Today is Fathers Day and I forgot all about it until this morning. God my Dad was just here yesterday and I didn't even mention it. So, I am burning him some CDs and sending them in the mail. We had graduation party for Dan yesterday. Thats why my Dad was here. He came out for lunch along with some friends and family. A bunch of Dan's friends showed up too so it was a full house . I think everyone had a good time. We had alot of food and cake left over which I can't seem to stay away from. I am totally PMSing so I can't stop eating for the next four days or I will literally go up in flames. I get quite the appetite around this time of month. It doesn't help that there was a full moon on Friday so I felt extra wacky from that too. Oh well, I gotta be me. Not much to report, just writing to keep it up and get some stuff out of my brain. We actually got some chores done around here today. One of our poor dogs had lice and we didn't know it cause she needed a hair cut pretty bad . I spent my morning dealing with that and then the subsequent clean up. That was the better part of two hours. Then we cleaned a little and moved some furniture around. I did get a two hour nap in around three which was heavenly. I rarely take a nap as I think sleeping in the day time is wasting what little free time I have but it felt good! I think I can manage to make it through another Monday if I don't stay up too late. So now I am just finishing with burning these CD's. I hope to get a couple more loads of laundry done so I have some clothes to wear tomorrow. More exciting adventures on the next episode of Wiiittcchh innnn theeee Ciiiiitttttyyyyyy.........................

Thursday, June 14, 2007

Things I think about on the john

I think about shoes on the john. I like to look at them in magazines while I'm sitting there. I think about where I can come up with some cash to buy them. I think about all the outfits they might go with and where I will wear them. I think about how much they'll hurt my feet, the blisters that will rise. I think about how I will be secretly happy inside when someone says they like them. I think about what I'm going to pack in my lunch and how I need to send the mortgage payment in. I think about the 10.00 late fee I'm going to have to pay for doing it over the phone. I'll think about how I'm not going to let that happen again. I'll think about how it will. I think about the girls I work with and wonder if someone will have a cuter outfit than me. I think about my friend Jennie who sports this gorgeous red hair. I think about my cats and why they insist on drinking out of the bathtub faucet when there is a bowl on the floor next to the tub. I think about whether my 18 yr. old son made it home last night and whether I should go check on him or not. Does this make me totally nuerotic? Yes for sure. This is how fast my thoughts run most of the time. Its very hard for me to shut down the voices in my head, but I'm learning which ones to tune out. That is what being a witch is about. Sorting through the shouting to the quiet one in the center who makes perfect sense . That voice is God whatever form he/she takes. This is what I think about on the john.

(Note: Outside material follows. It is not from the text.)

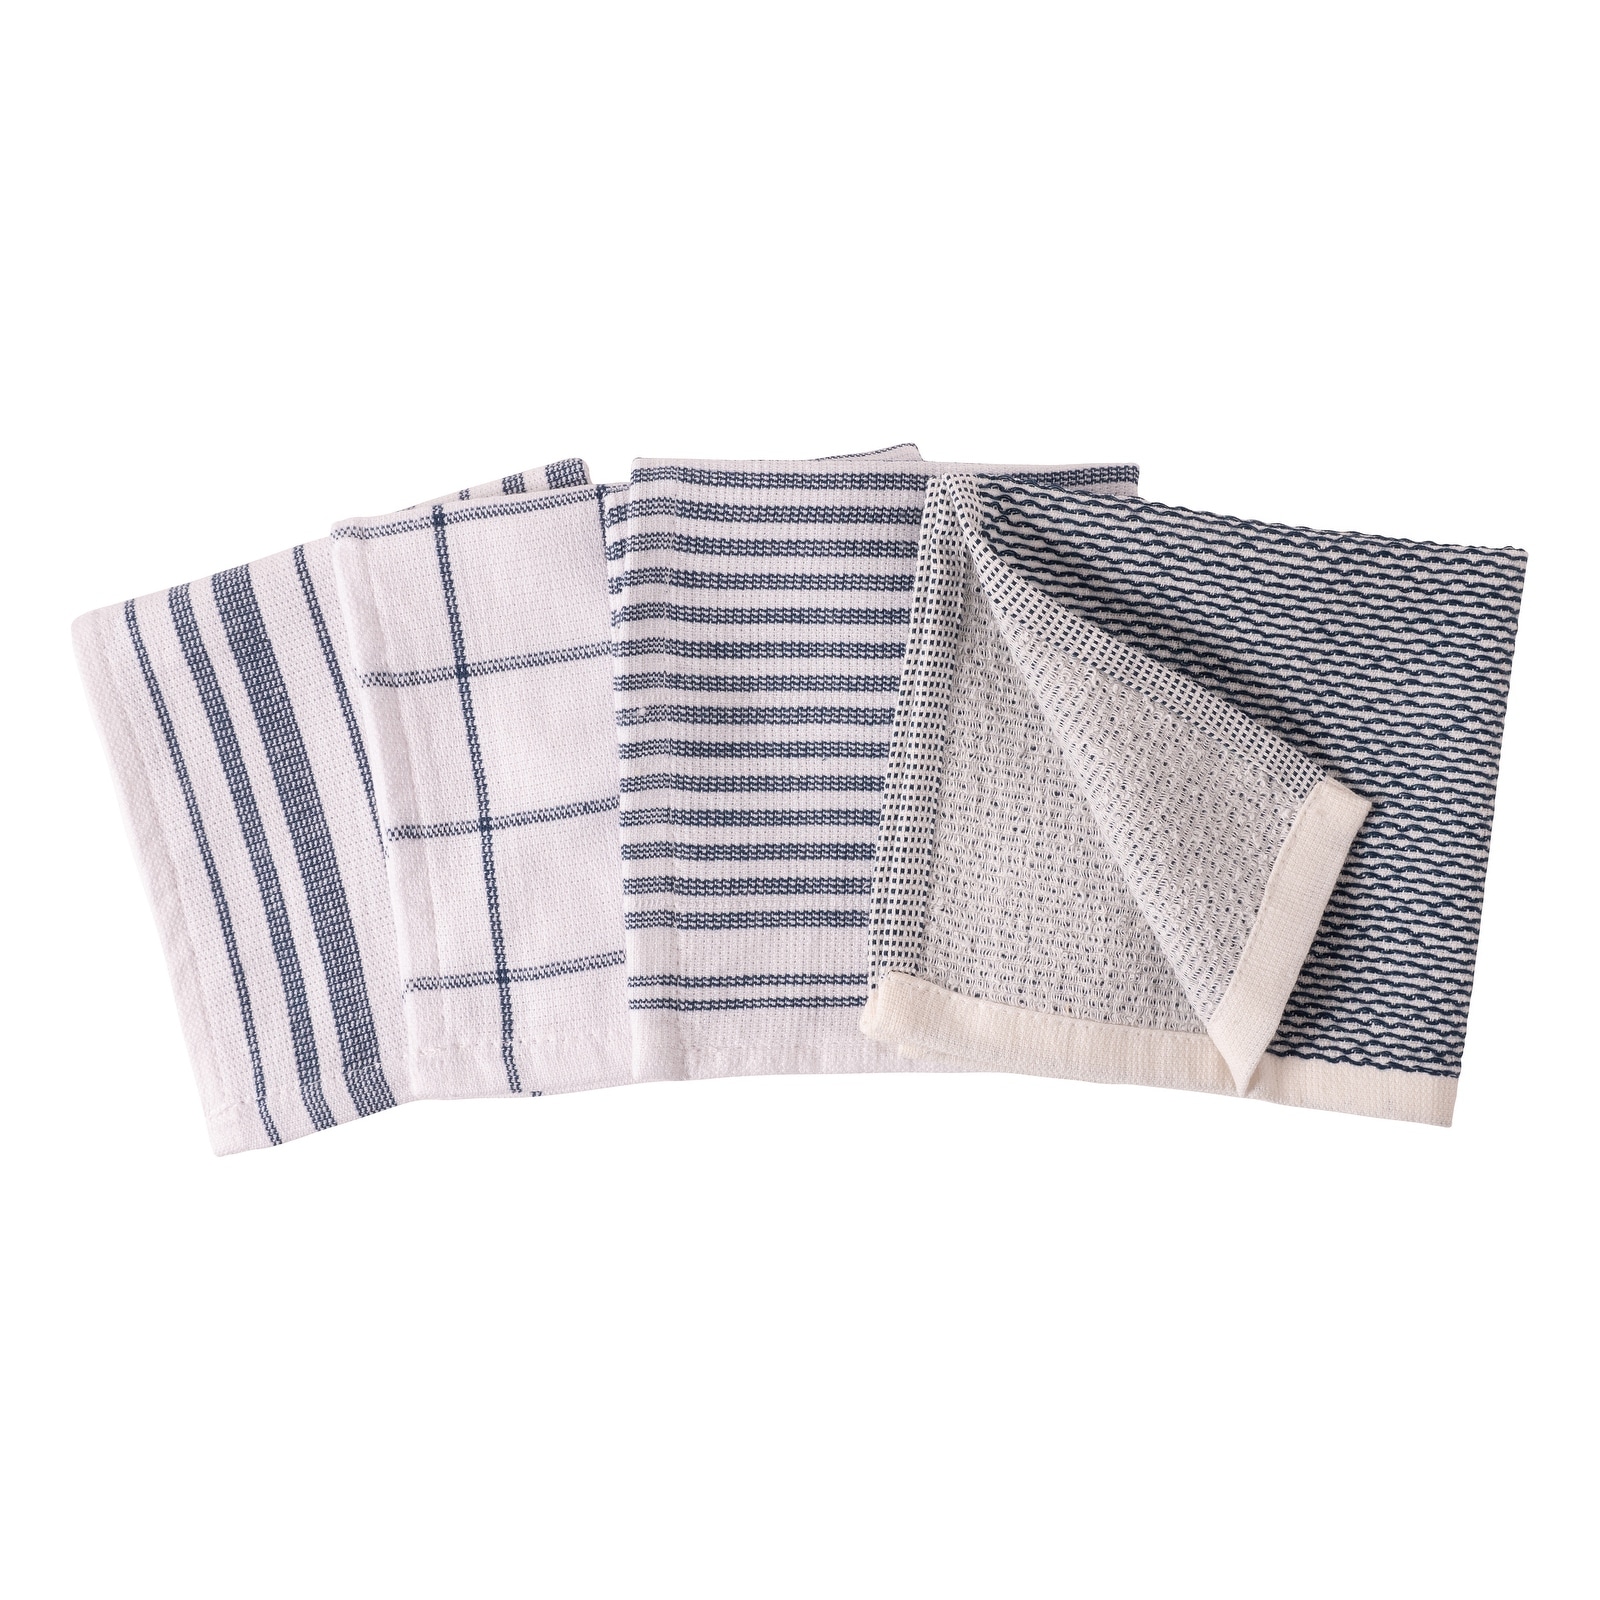 https://ak1.ostkcdn.com/images/products/is/images/direct/a3ac2bfc74903599d076bd7cb7fe9fc6d095da16/Bed-Bath-and-Beyond-Our-Table-Dual-Purpose-Dish-Cloths---Set-of-4.jpg
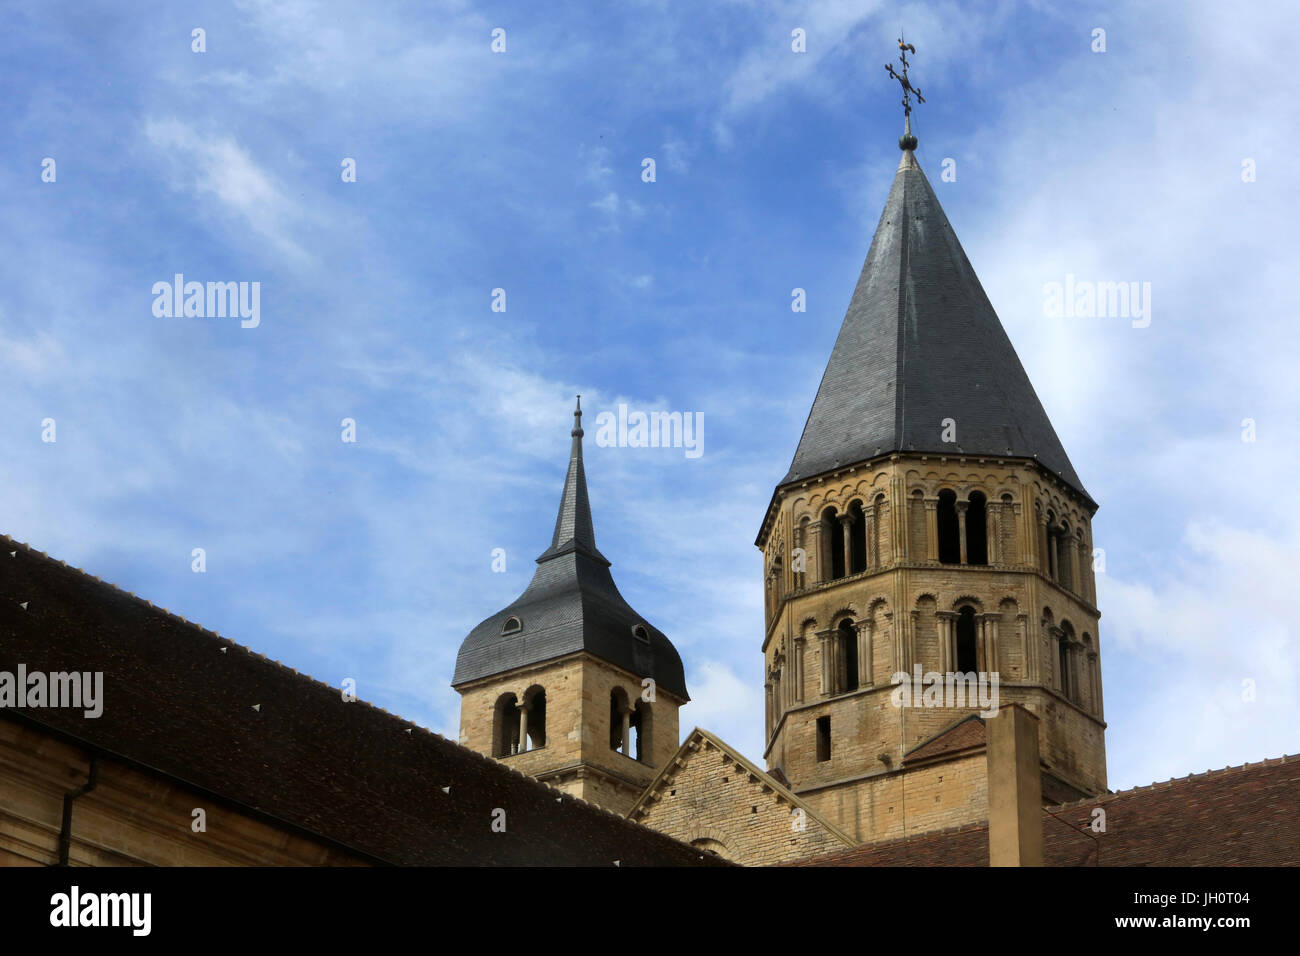 The bell tower of Holy Water and Tower Clock. Cluny Abbey. Cluny was founded in 910. France. Stock Photo

Thursday morning wake up call

This is my friend Jennie's son Skyler who is a total doll as you can tell from this picture.


Just wanted to jot down a couple things before I run off to work. I've spent my morning so far writing up bills for customers and balancing the checking acct. Fun stuff. I got my desk at work finally yesterday. That was fabulous. I know it sounds silly, but I have been working in very small space for about three months now. We are done with training for the most part so they assigned us our spots after a very long wait. I like where I sit, its near the windows. I will probably freeze during the winter. I will have to bring a blanket in. Work is going well otherwise. I'm getting the hang of it and learning where to look for stuff. It takes time, but I think in a few more months I will feel very strong about it.

I just read this great book called Girlbomb by JaniceErlbaum. Its about a young girl growing up in New York City during the 80's. She runsaway from home to live in a shelter because her stepdad is very abusive. The story chronicles her time there and what follows after until she's about 19yrs old. Very interesting story full of sex, drugs and rock and roll. She's not a particularly nice girl but seems to get it together in the end. I love stories like this that are so real to life. I mean most people don't just go to high school, attend prom and go off to college unscaythed. If you do, you're pretty lucky. Anyway, its definately worth the read.
Kipp is having some trouble again with his depression. It seems to be taking over alot lately. He had a better day yesterday but for the past couple weeks he's been low down. I finally had to say something cause it was driving me crazy. I want him to seek some counseling of some sort with a professional who knows how to manage depression better than a family doctor would. He said he would so I will wait and see. It feels like his illness is taking over our life right now. I have had to distance myself from it somewhat so that I don't get sucked in. Been trying to spend a little more time on my own doing the things I like to do. Usually I get caught up in holding his hand trying to comfort him or make a difference. I've kind of decided thats an enabling behavior on my part and I need to stop doing it. So, there it is once again.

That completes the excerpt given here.